Hey, doesn’t looking for a job suck balls!
In May last year, I decided that I would start-up my own Wedding Consulting Business. Just a Facebook launch and see where it leads me. I cut back at work, moved to a casual position and then…..well lost my shit. OK not really but well I still needed to bring in the coin to feed the teenage beasts so since then, I’ve been doing all sorts of ‘fill in’ jobs (which to be clear, has kept me very happy).
During this time, I also thought I would put myself out there and apply for some jobs – again, those teenage beasts eat a lot so money was a motivational factor but I also wanted to work in my field to gain more experience (apparently staying at one place for 18 years doesn’t really work in your favour sometimes…).
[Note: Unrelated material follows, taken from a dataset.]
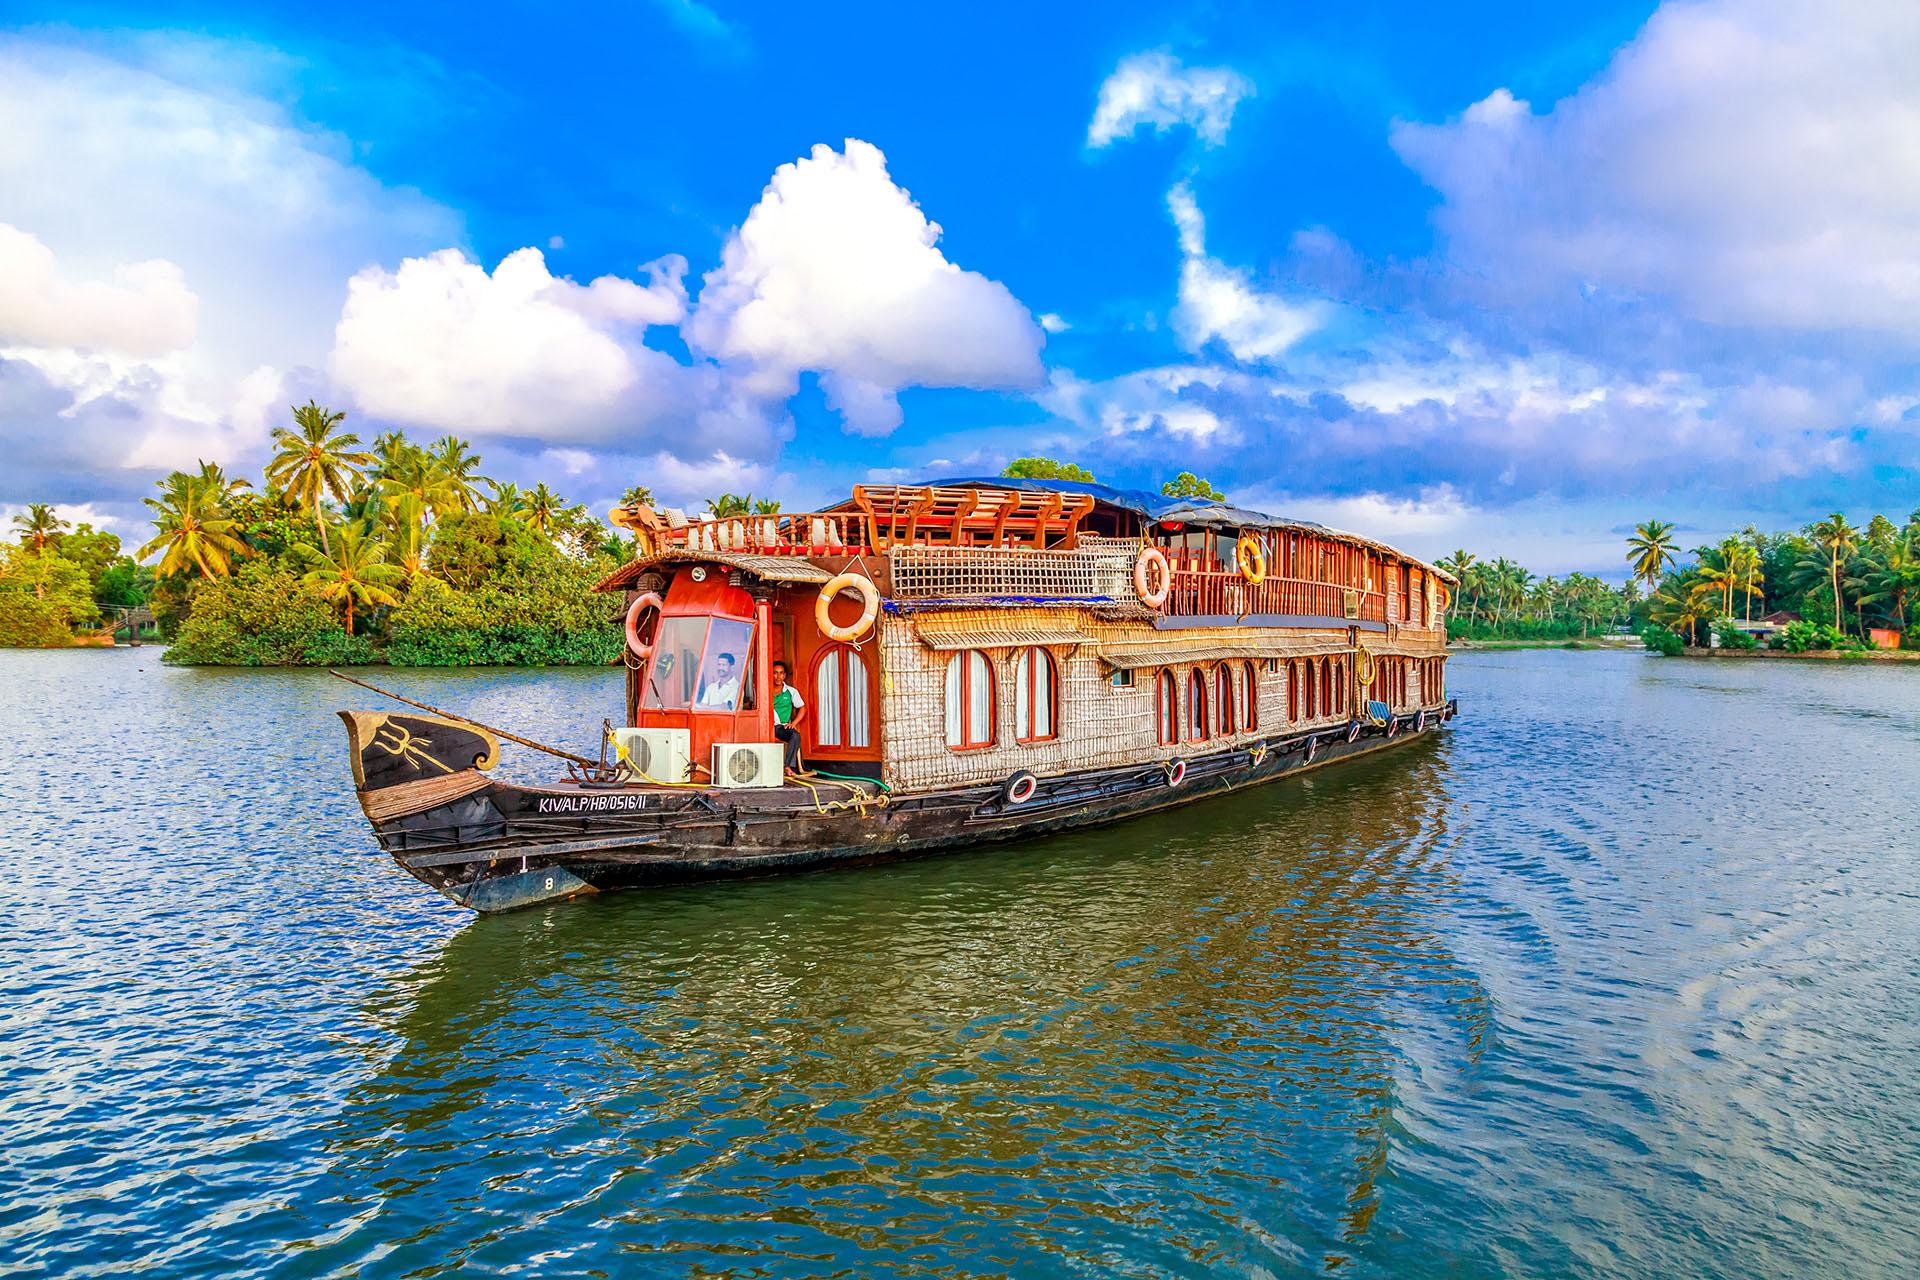 RV Vaikundam Backwater River Cruise Kerala

So, the process starts.
Find a job, apply online, wait for a call, interview – that’s how it goes right? Remember like back in the day? No no no…. the job market is fierce folks – it’s a bloody jungle out there!! I’ve been applying, interviewing and then……..nothing! People these days don’t seem to want to contact you! I understand if you don’t even make it to the interview process you can successfully assume that you didn’t make the cut – look no dramas, but bloody hell, if you take the time to interview me – GET IN BLOODY CONTACT!! I have even contacted these people after the interview, thanked them for their time, done follow-up phone calls and still NOTHING!! Wankers!
And then, the doubt sets in. The self-doubt. I know I am experienced. I know I could do some of the jobs with my eyes closed, why didn’t I get that job? I have even been in interviews and known the exact moment that I lost the interviewer. That sucks. Walking away feeling defeated. That sucks. But as much as it sucks, and I feel like crap, I have taken something out of every interview that I have done and for that, I actually feel good.
So, there have been tears, self-doubt, depression, regret but you know what, I’m going to give it a crack. I refuse to stay in a job that I am not happy with. I refuse just to settle. I refuse to give up my dream. I know I am capable, experience and ready for it. I know I will find the perfect work/life balance and however that beast looks, it will be of my own making. So for all of the potential employers that didn’t get back in touch, suck it, you missed out and I’m moving on!